I was born in the Berkshire Mountains in western Massachusetts. There was no hospital in Lenox, my hometown, so I came into the world in nearby Pittsfield in early September of 1973. Pittsfield was the home of General Electric, started in the 1890’s by William Stanley (although it was called the Electric Manufacturing Company at the time). At one point, more than 10,000 people worked in the GE plant in Pittsfield, my grandfather and mother among them.

At the time of my birth, GE was still a major employer in the town, although by the turn of the 21st century, Pittsfield was mostly famous for having a faster rate of flight out of the city than any other metropolitan area in the United States.

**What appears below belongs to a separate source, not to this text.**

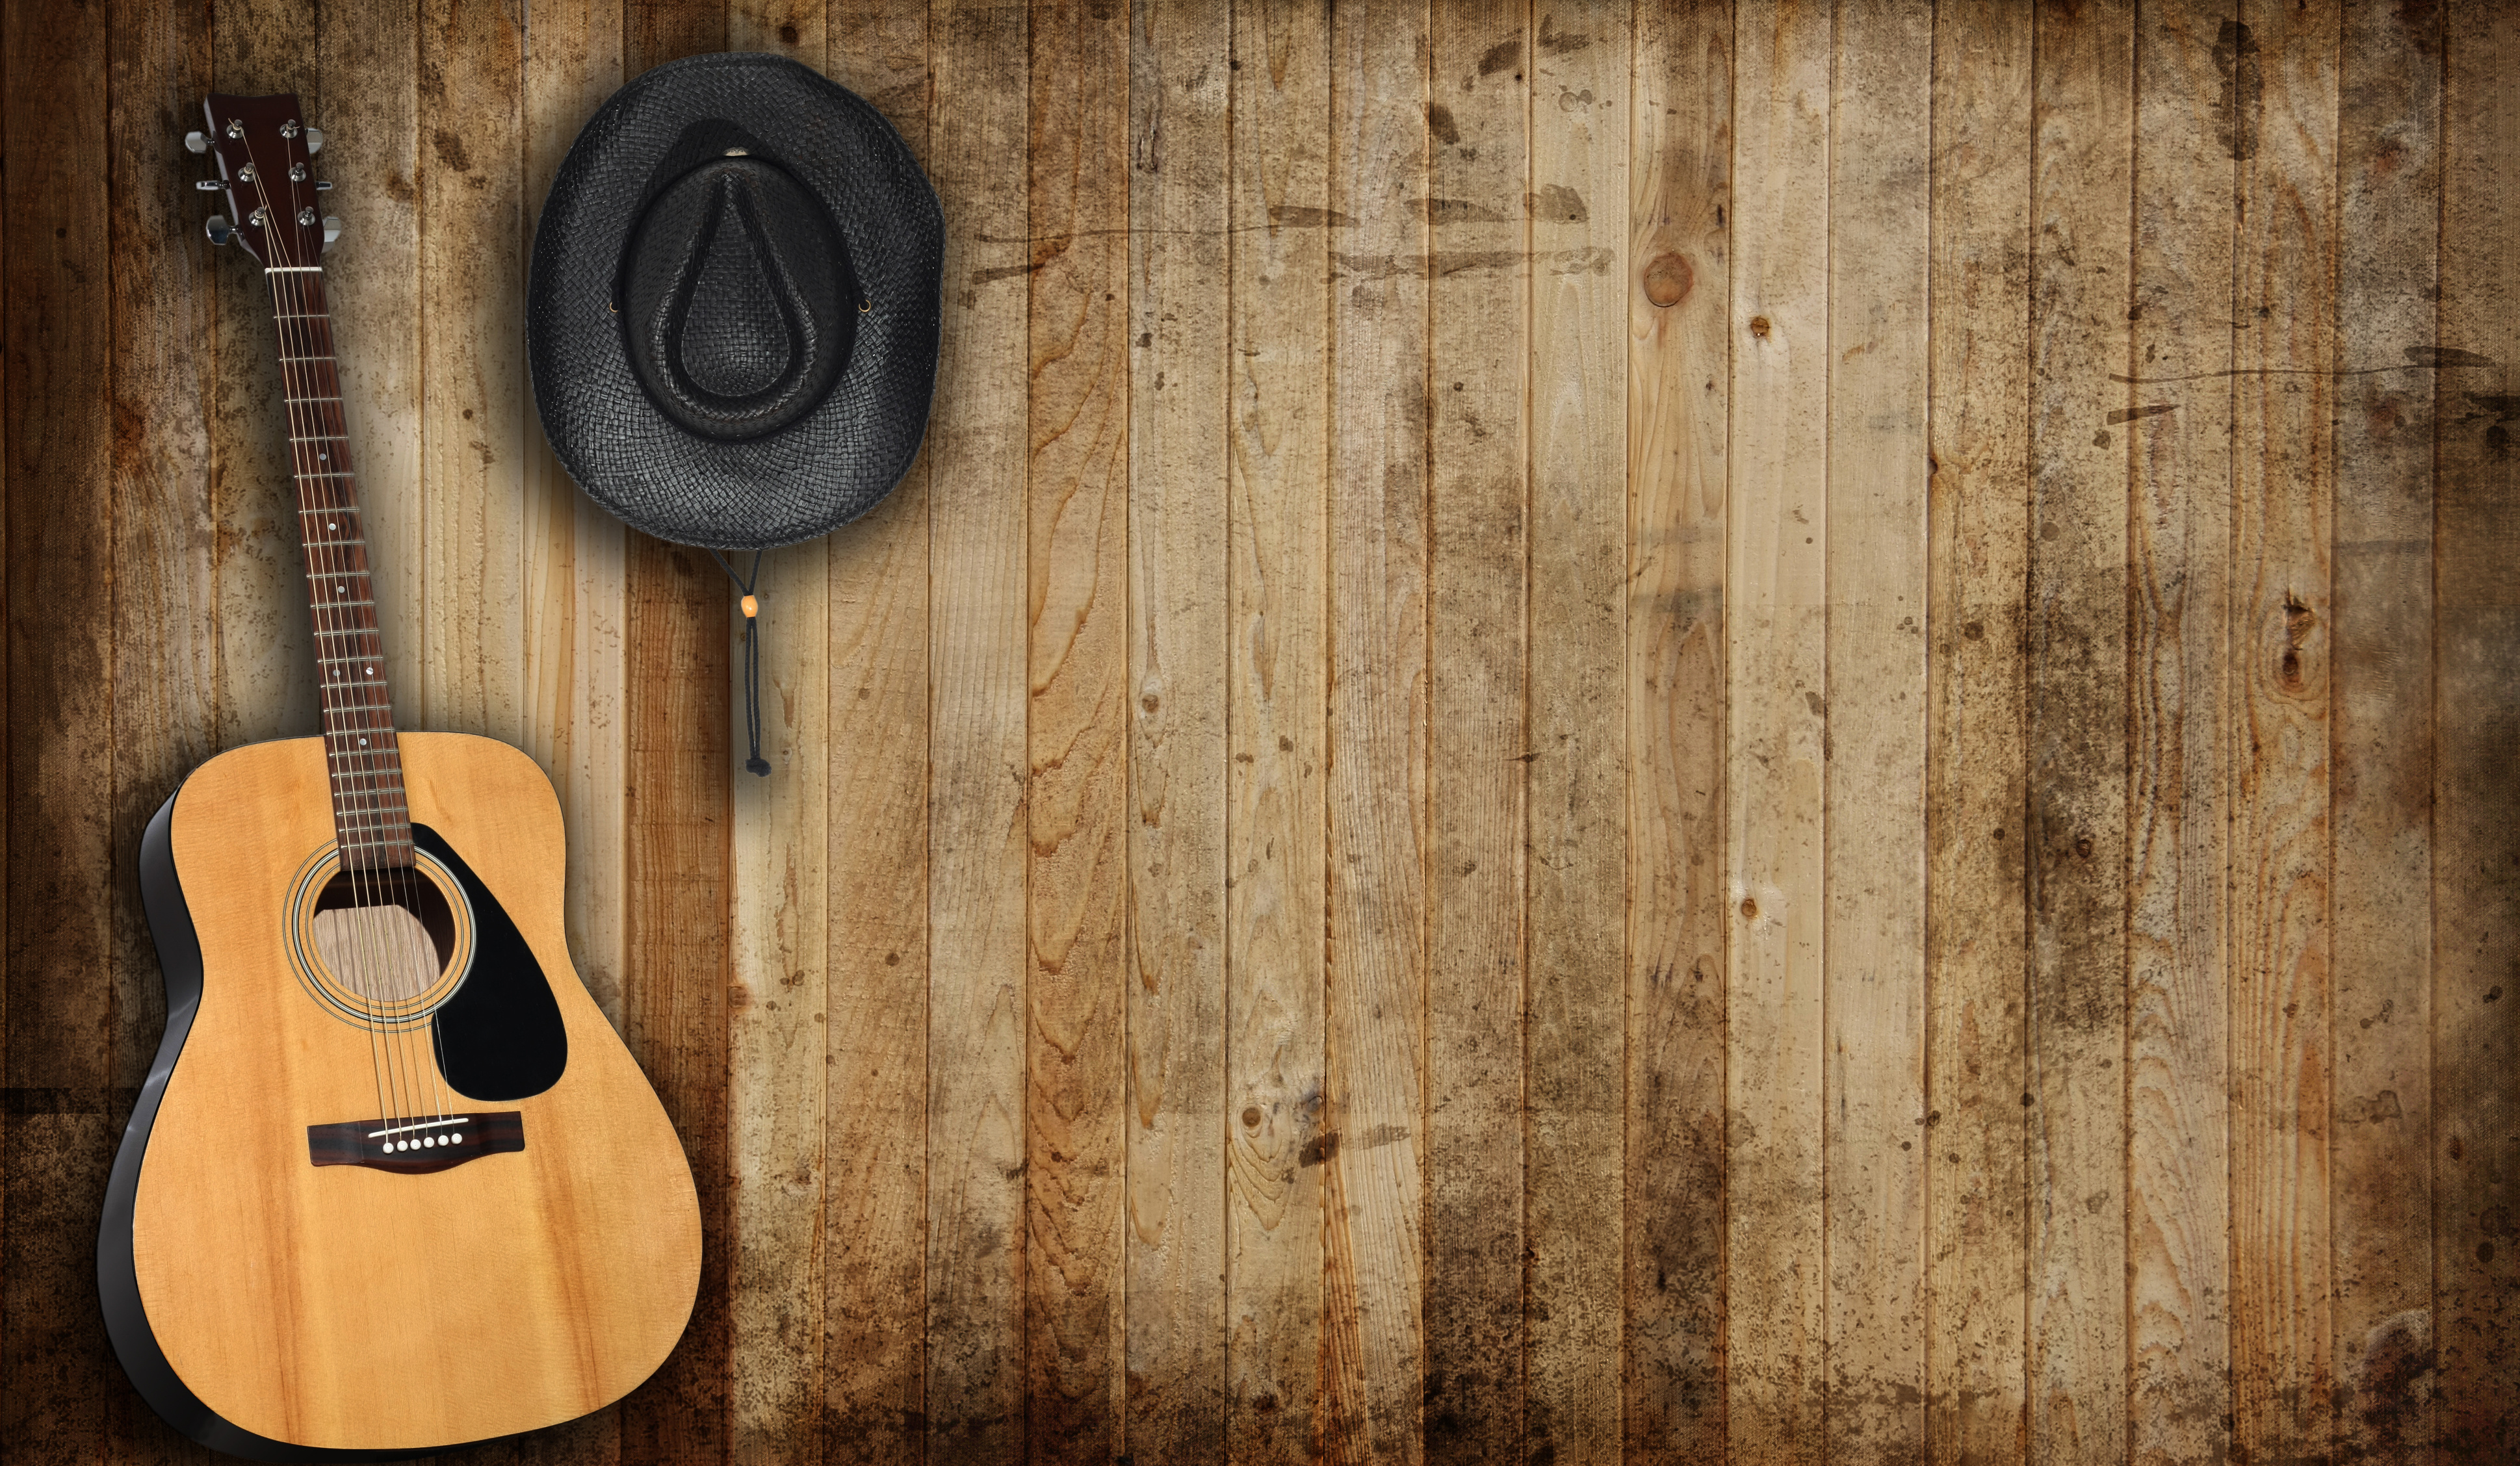 fond d'écran de musique country,bois,guitare,instrument de musique,instruments à cordes pincées,tache de bois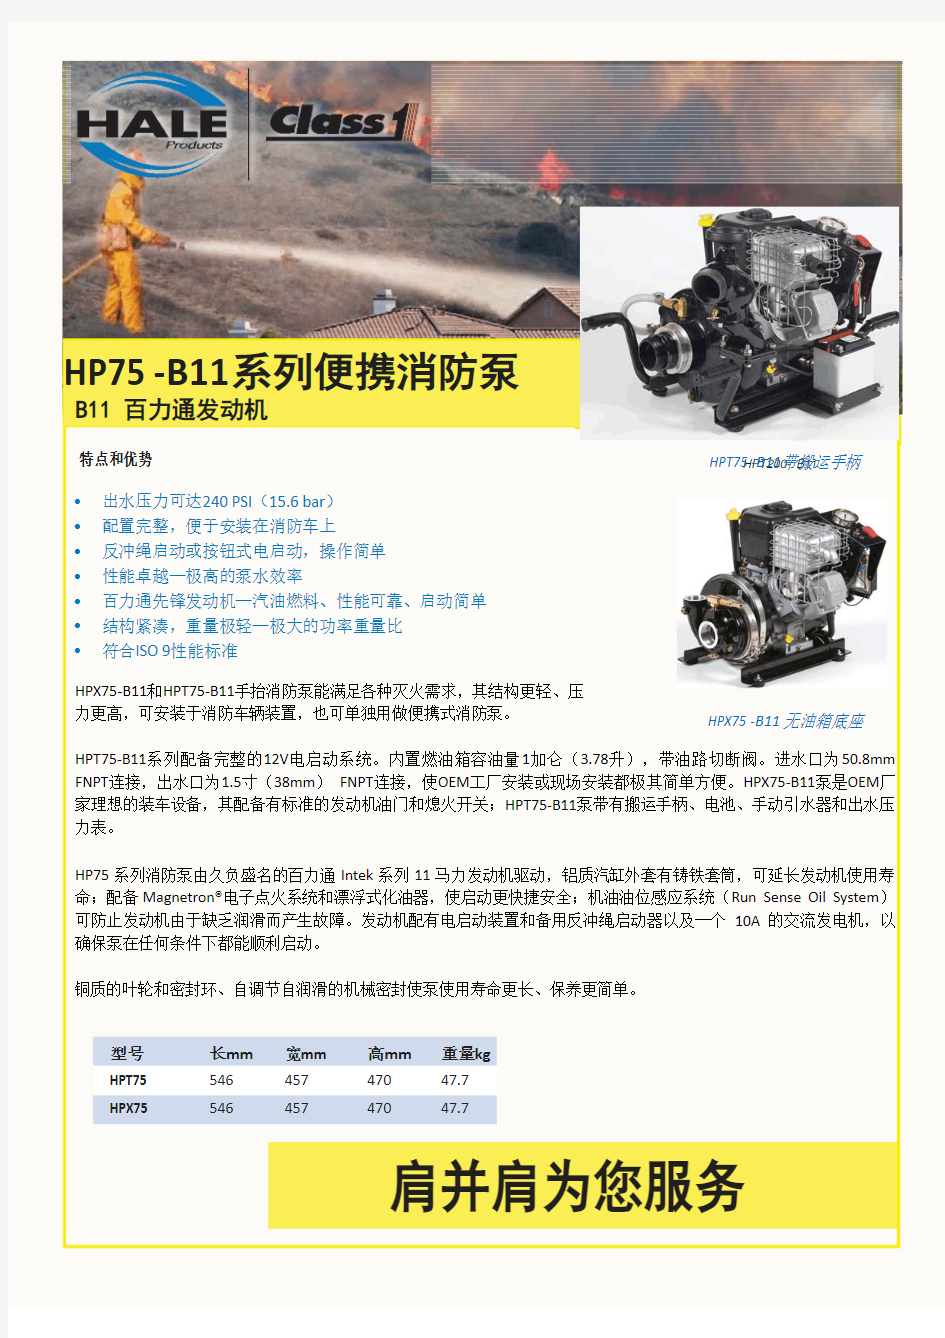 HPT75-B11 Chinese11

Baseball, that most hallowed of American sports, is mentioned in a legal document in Pittsfield in 1791. That document prohibits anyone from playing baseball within 80 yards of the newly built meeting house. This is the earliest known reference to baseball in America, besting Abner Doubleday and his Cooperstown fable by nearly half a century.

Moby Dick was written in Pittsfield, which was the home of Herman Melville for 13 years. Nathaniel Hawthorne also lived in the area, as did a large colony of Shakers – makers of fine furniture, embracers of technology, and somewhat egalitarian creators of a peaceable cult. Other famous folks who were born in – or spent a considerable time in – Pittsfield include poet Oliver Wendell Holmes; Emily Erwin of the Dixie Chicks; and Henry Wadsworth Longfellow.